Associar faxina com clareza mental não é a maneira mais original de se investigar o tema.
Diria que é até um clichê, mas quem liga?
O fato é que saiu até na minha leitura recente de tarot que eu preciso dedicar um tempo considerável da minha vida pra fazer uma faxina daquele jeitão.
E não no sentido figurado. No sentido literal, mesmo.
Eu me mudei pra esse apartamento no último mês de 2019 e tudo era muito diferente naquela época. Eu não tinha 30 anos, meu trabalho era numa agência de publicidade e meu cabelo, curto. E castanho.
Não tinha sofá quando eu me mudei pra cá, mas o primeiro que compramos (juntos, eu e ele) segue até hoje. O tapete também, a poltrona, o aparador, a mesa de canto vermelha e a mesa de canto bege, os dois espelhos redondos, as almofadas, o banco em que ficam alguns dos meus muitos livros.
Na varanda as mesmas plantas que foram compradas numa madrugada alegre no ceagesp e tinham suas folhas verdinhas adornando um espaço em que dividíamos as manhãs agora jazem secas e sem vida. Não é necessário fazer a alegoria, todas nós pensamos a mesma coisa.
Essa casa foi sendo criada como uma casa pra nós, e agora ela é minha casa – o que é muita coisa.
Já há algum tempo, porque em meados de 2021 eu e ele decidimos cada um ter sua casa e essa deve ter sido a melhor decisão que eu tomei ao longo desses sete anos.
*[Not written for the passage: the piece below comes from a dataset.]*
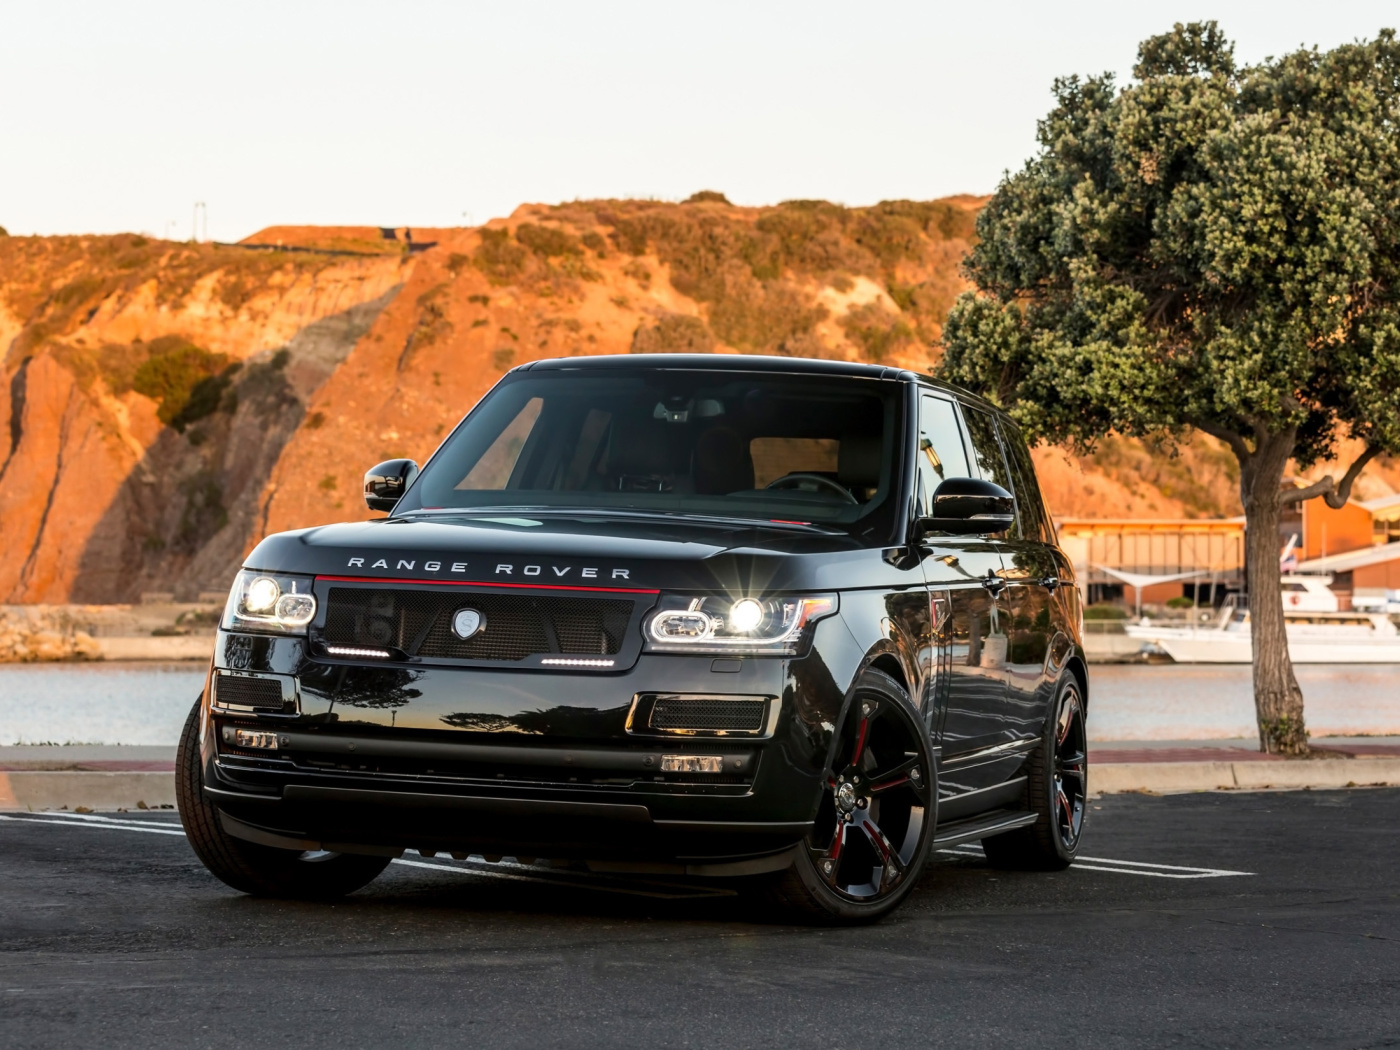 Das Range Rover STRUT with Grille Package Wallpaper 1400x1050
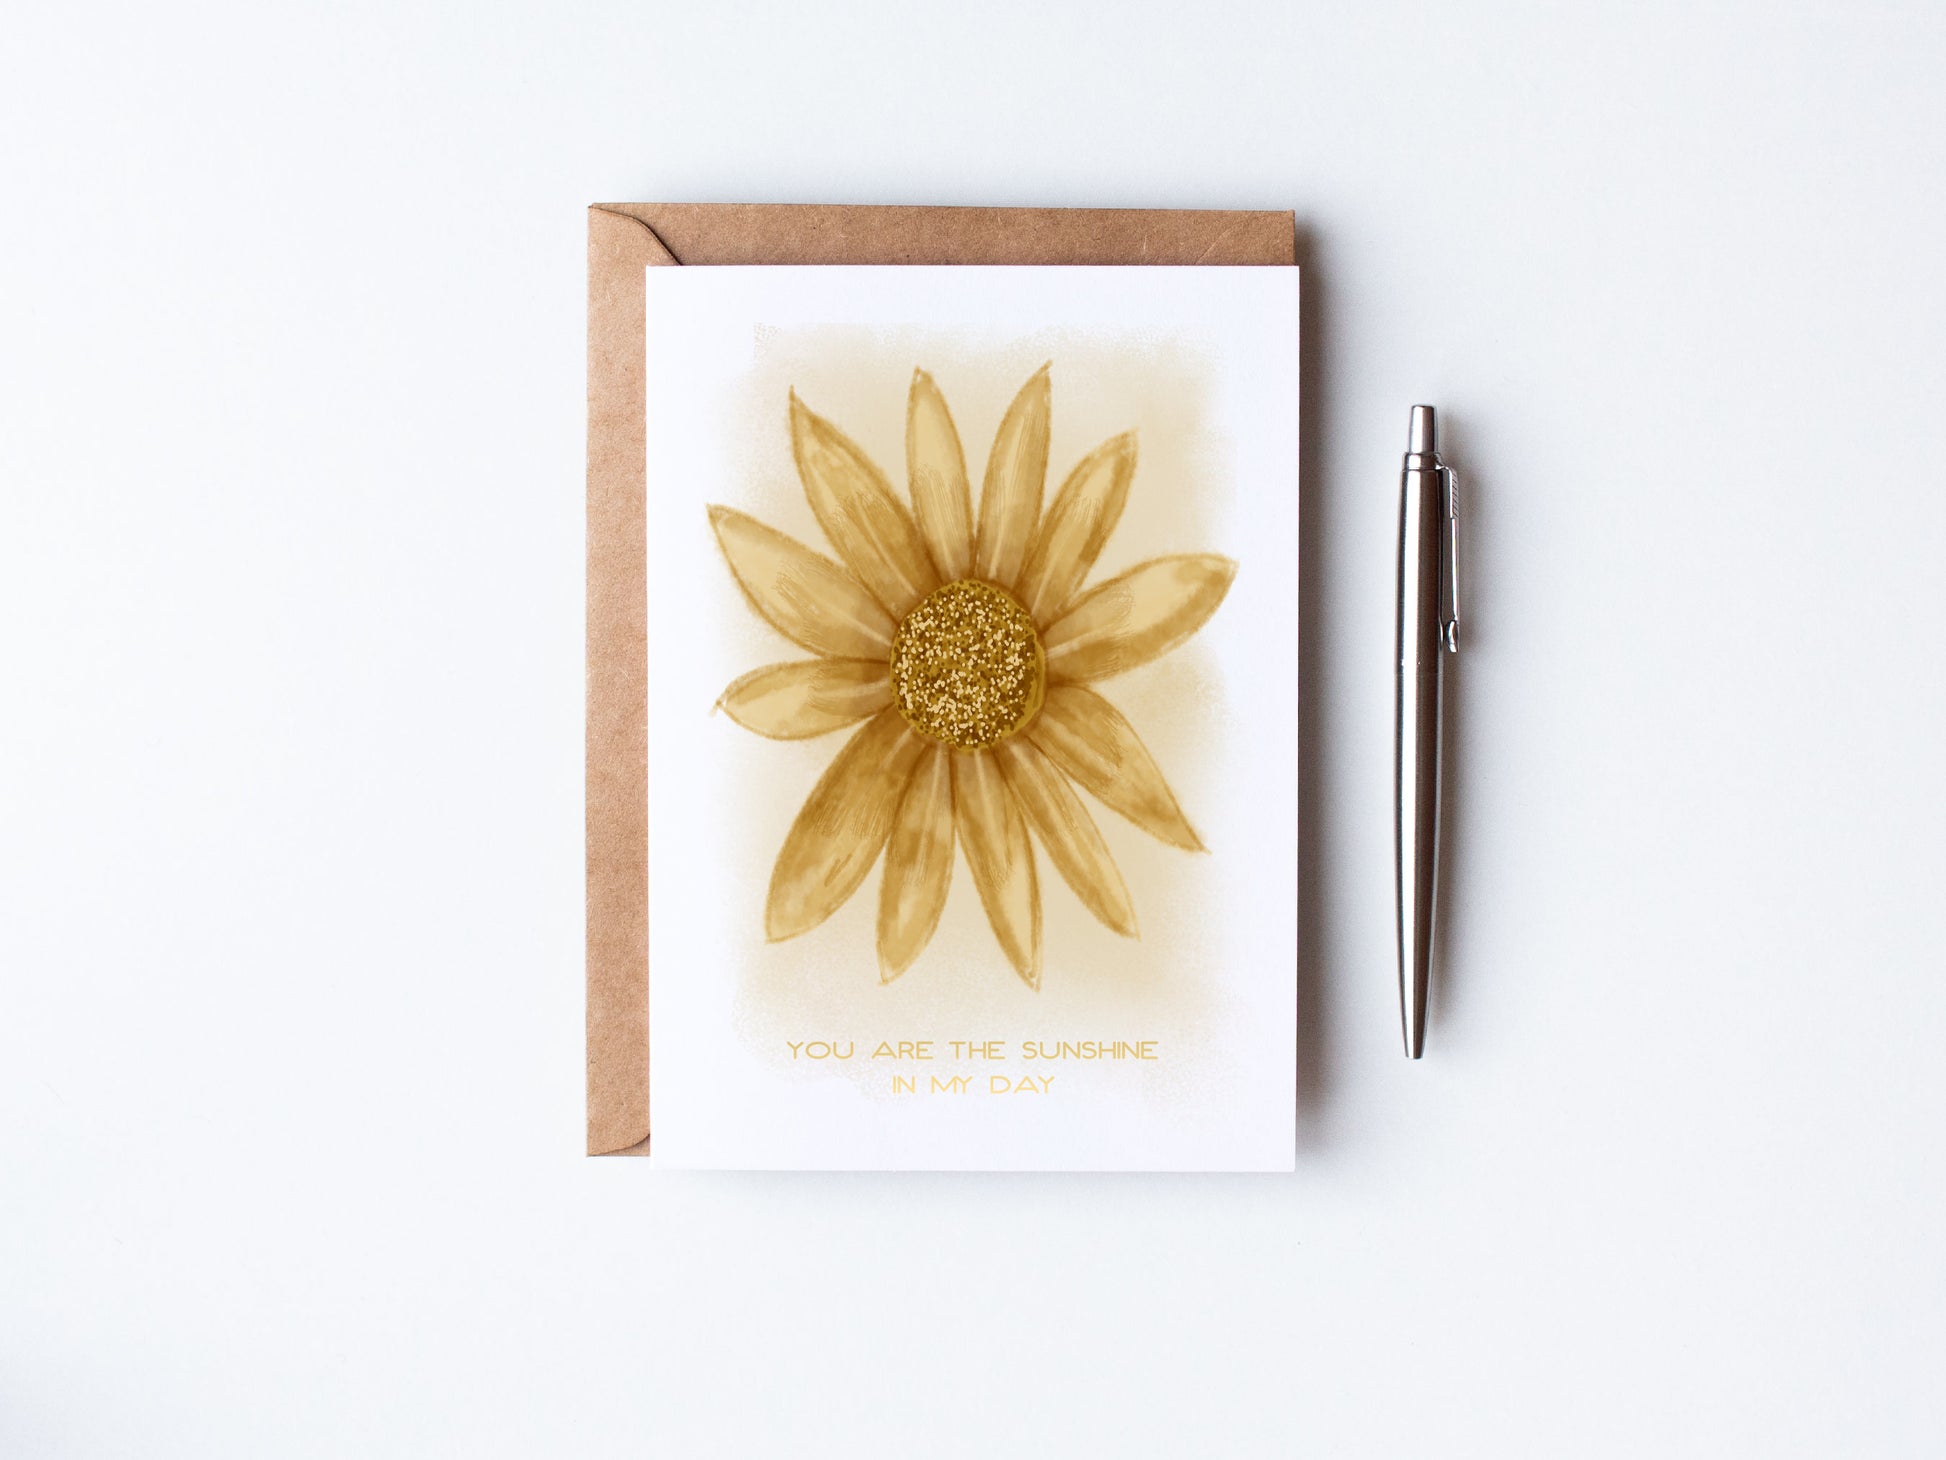 Sunshine greeting card - Sunflower - golds and yellows - you are the sunshine in my day

Mas de alguma forma ainda era uma casa que construímos (no sentido figurado, óbvio) juntos. Eu falava isso, ele falava isso.
Nos cinco anos que vivo aqui foi como se o mesmo tema fosse sendo elaborado e ganhado camadas - várias coisas mudaram, mas nada fundamentalmente mudou.
É uma bela casa.
Na superfíce.
A perfumaria.
Isso porque mantenho fora de vista tudo que está uma bagunça.
As muitas tralhas acumuladas.
Os cantos em que enfiei alguma coisa e nunca mais olhei.
Os resquícios dos dias, das histórias e dos momentos.
A porta do meu quarto com a tinta toda descascada daquele dia que a gente brigou tão, tão feio. Isso faz anos.
O cabideiro que ganha contornos de espírito obsessor com as luzes apagadas.
As gavetas cujos papeis eu enfiei sem olhar, cujos fios todos emaranhados lembram o nó do meu estômago quando algum pensamento se abate sobre mim e eu sou obrigada a encarar algo que já tinha colocado no passado.
Na cozinha eu tenho um móvel que eu odeio.
É um conjunto de duas peças, aquele tipo de armário que com certeza fora comprado numa loja dessas de eletrodomésticos, móveis de compensado e televisões.
Um dia, na pandemia, ele começou a ceder.
Nele ficam os meus pratos, copos, taças - e funciona também como dispensa.
E ele começou a ceder.
Não aguentava mais o peso das coisas e eu fiquei desesperada. Como era pandemia não havia muito o que fazer. Pelo menos eu disse isso pra mim mesma. “Vamos dar um jeito, por enquanto".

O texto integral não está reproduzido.